Я разворачиваюсь и направляюсь в кухню. Открываю несколько шкафов. Ужин. Он займет мои мысли и руки. Я рассматриваю варианты, мои руки скрещены на груди. Сейчас я не в том настроении, чтобы готовить сложное блюдо. Единственное, чего я хочу, – покончить с едой, убедительно улыбнуться и уйти к себе в комнату, чтобы переждать время до ночи. Я беру фасоль, кукурузу, немного сухой лапши и тушеных помидоров. Добавлю к ним замороженных овощей, и суп готов. Бабушка любит суп.

Я наполняю кастрюлю водой, ставлю ее на плиту и включаю огонь. Когда я тянусь в ящик за ковшиком, краем глаза замечаю что-то розовое. Я улыбаюсь так широко, как только могу, поскольку моя бабушка направляется ко мне, а я хочу скрыть все напряжение, скопившееся за день в школе.

– Лекси, милая, я не слышала когда ты пришла.

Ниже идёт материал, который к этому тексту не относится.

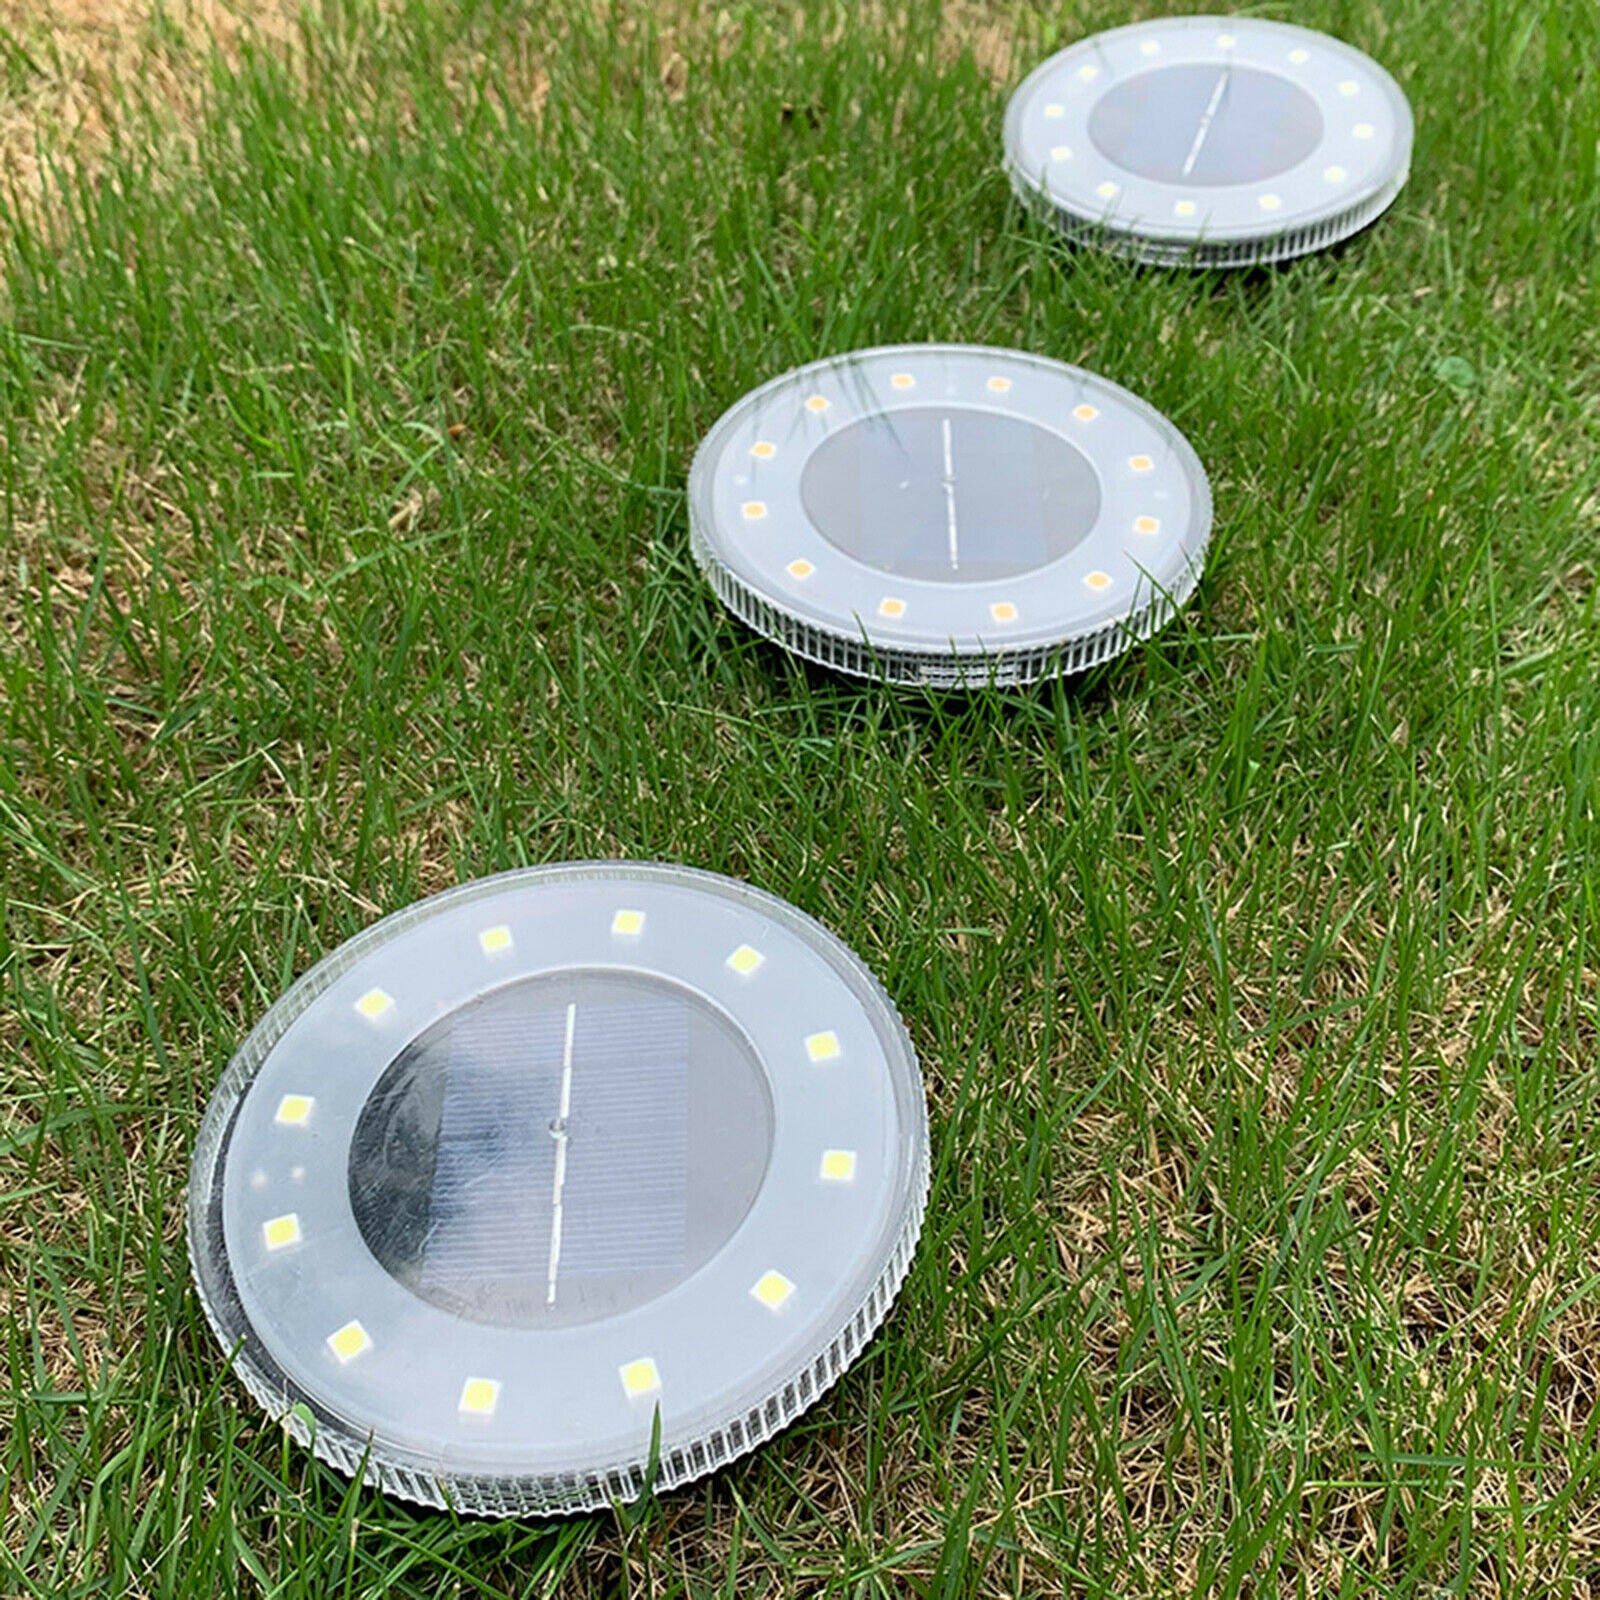 4 Pack of LED Buried Light Ground Solar Charger Backyard Pathway Decor

– Ты спала в это время, бабуля.

Она хмурится.

– Тебе не следует готовить ужин в твой день рождения.

– Знаю, но я люблю готовить, – я высыпаю лапшу в кастрюлю, а потом разворачиваюсь, чтобы взглянуть на нее. – Все хорошо, правда. Ты можешь присесть. Обед будет готов через двадцать минут.

Она уходит, её тапки шаркают по деревянному полу. Я наблюдаю за ней, пока ярко-розовый цвет не исчезает из виду.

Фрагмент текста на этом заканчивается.